Moim zdaniem ten pomnik powinien być rozebrany w świetle prawa. Nie zdewastowany przez nieznanych sprawców lecz przez znidszczony decyzją odpowiednich organów. To nie było upamiętnienie ludzi, członków UPA , to nie były krzyże nagrobne ale próba gloryfikacji zbrodniczej organizacji. Został postawiony bezprawnie, powiem wprost to była kpina z polskiego prawa. W internecie pokazały się zdjęcia zrobione w czasie stawiania pomnika, zwykła baba bieszczadzka rozpoznała kilka osób, w tym duchownych. Polskie organa stojące na straży prawa miały z tym problemy. Dziwne. Nawet we Lwowie próbowano dyskutować w gronie osób odpowiedzialnych za dobre stosunki pomiędzy Ukrainą i Polską o legalizacji owego przedsięwzięcia. Robili to przedstawiciele prezydentów obu narodów.
Teraz pomnika nie ma, już zaczynają organizacje nacjonalistyczne podnosić larum iż dzieje się im krzywda. Nie dość, że są utrzymywani także z moich podatków to moim zdaniem działają na szkodę państwa polskiego. Aby nie było iż jestem polską nacjonalistką, znam historię i w moich żyłach płynie także rusińska krew.
Wróciłam z przesłuchania na policji w Lesku. Art. 255. § 1. Kto publicznie nawołuje do popełnienia występku lub przestępstwa skarbowego,
podlega grzywnie, karze ograniczenia wolności albo pozbawienia wolności do lat 2.
Podstawą mego wezwania, na razie jako świadka był jeden z wpisów na tym forum i moja działalność w wątkach historycznych na innych forach.
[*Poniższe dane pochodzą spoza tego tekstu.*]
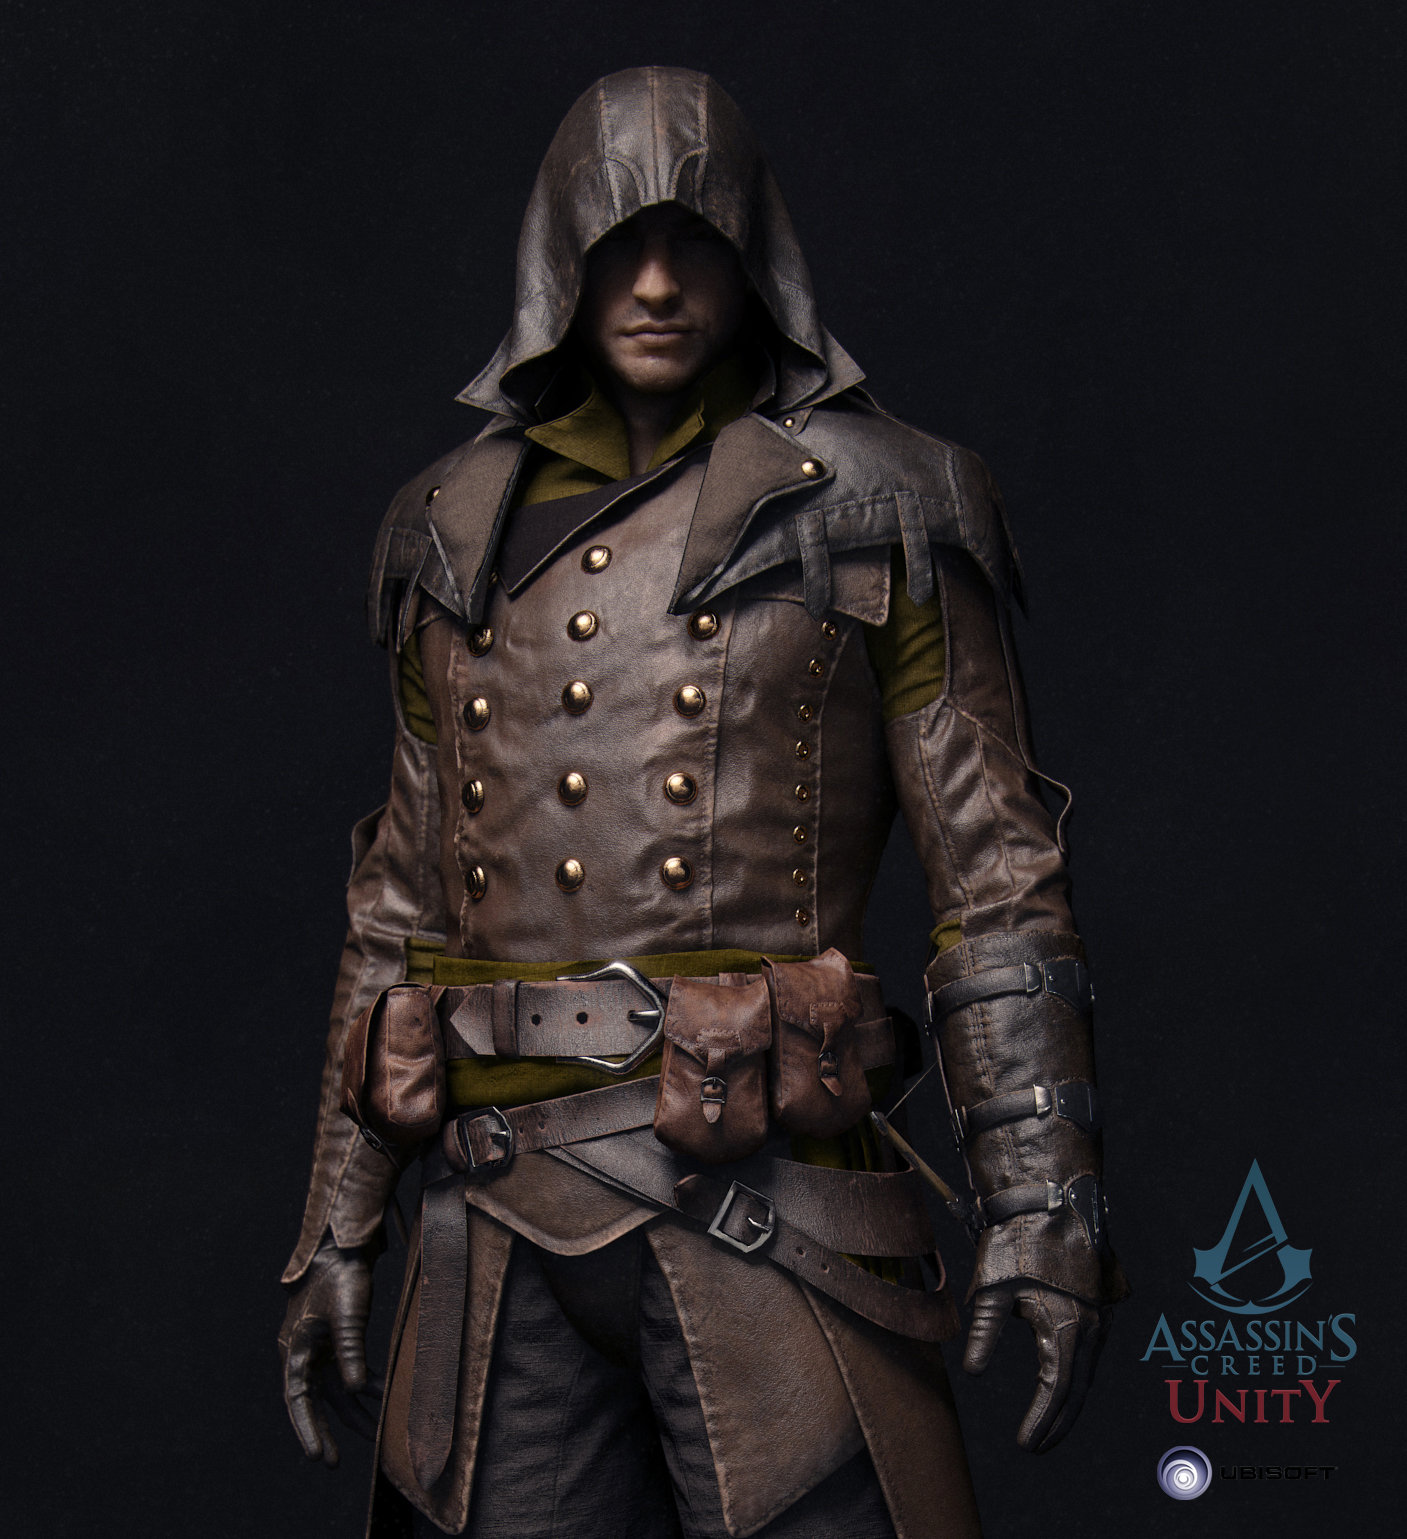 ArtStation - Assassins creed Unity : Characters
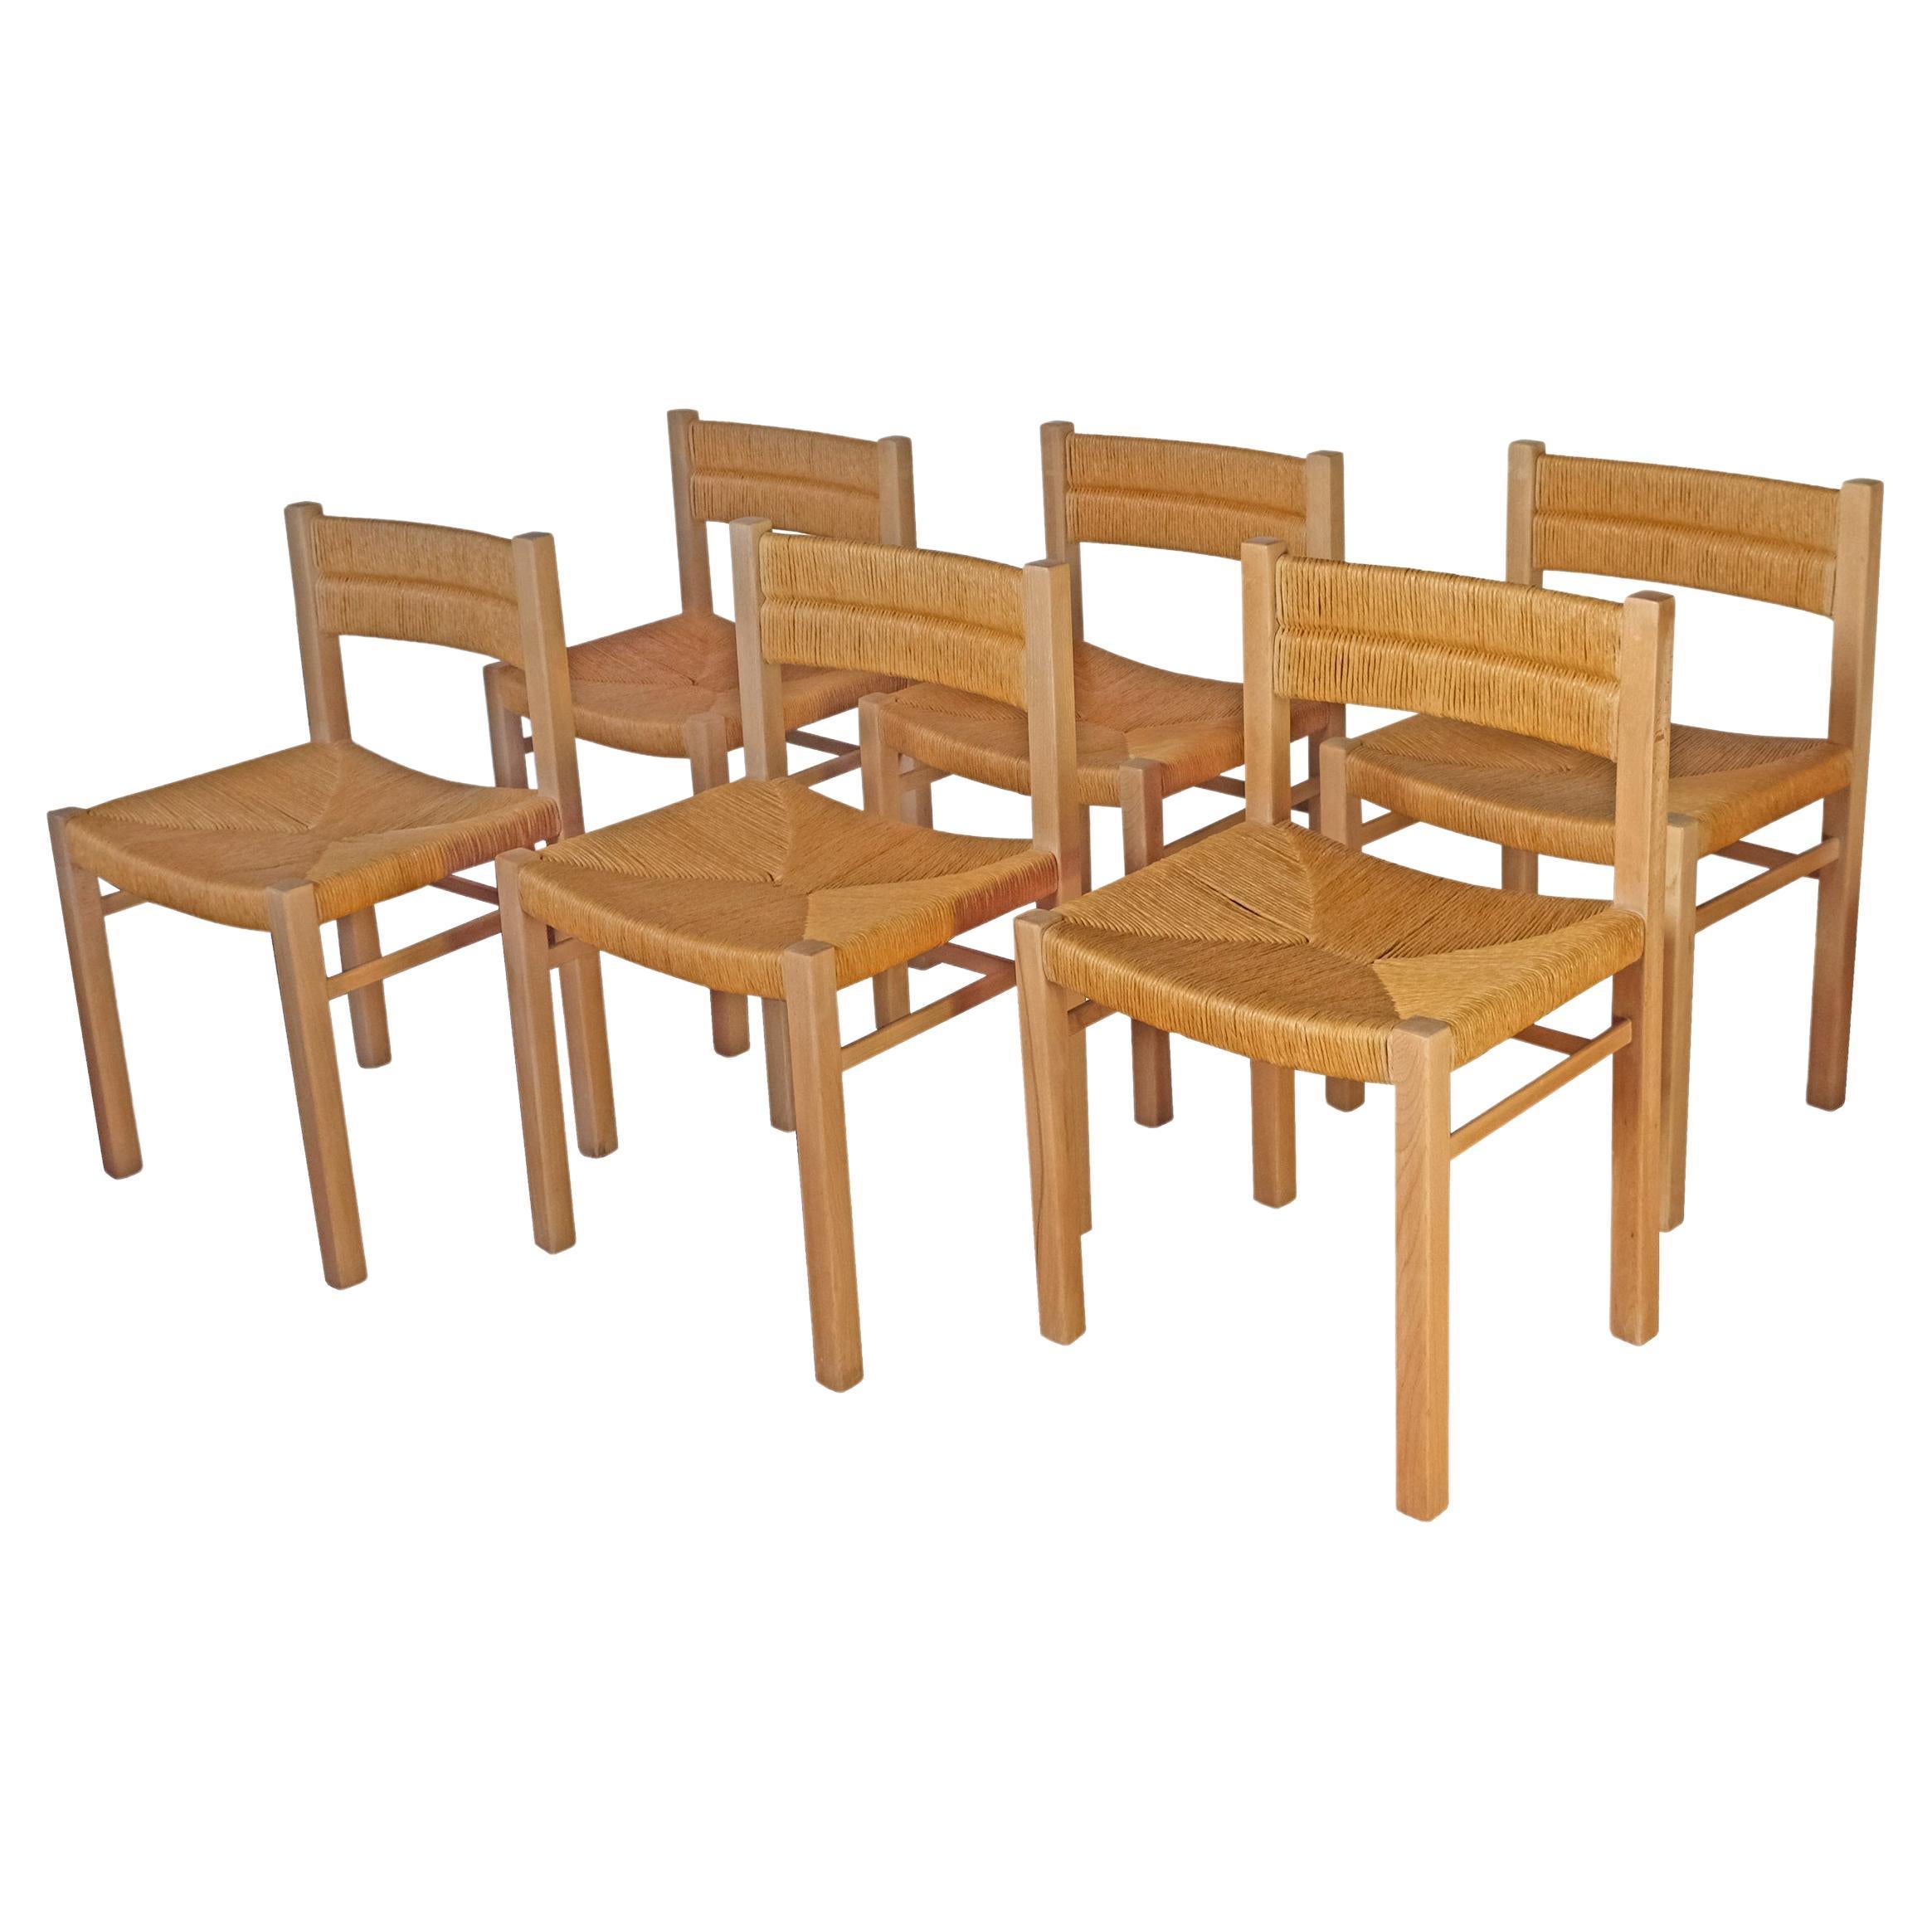 Pierre Gautier Delaye, Six "Week-End" Chairs, Vergnères, 1950s

Jestem wstrząśnięta. Pytano mnie o : mają działaność forumową, jakie mam niki na forach, o wpis na forum
"Informacja z ostatniej chwili.
Przed sekundą skończyłam rozmawiać z Kolegą z forum info. Pomnik został zniszczony przez nieznanych sprawców. Najprawdopodobniej byli to jacyś wandale: str. 1 tego wątku
, czy jest mój, z kim rozmawiałam telefonicznie na temat pomnika, czy brałam udział w jego zniszczeniu, czy znam osoby, które dopuściły się jego zniszczenia, czy wzięłałbym udział w jego niszczeniu, rozmowa dotyczyła także mojej działalności forumowej i tego, że śmiem określić ten pomnik jako gloryfikację UPA i że określam UPA jako zbrodniarzy, którzy dopuścili się ludobójstwa.
Muszę to przemyśleć.
Mój post wrzucam tu, bo cała sprawa wypływa z tego co piszę o UPA na forach, takze na tym w tym wątku.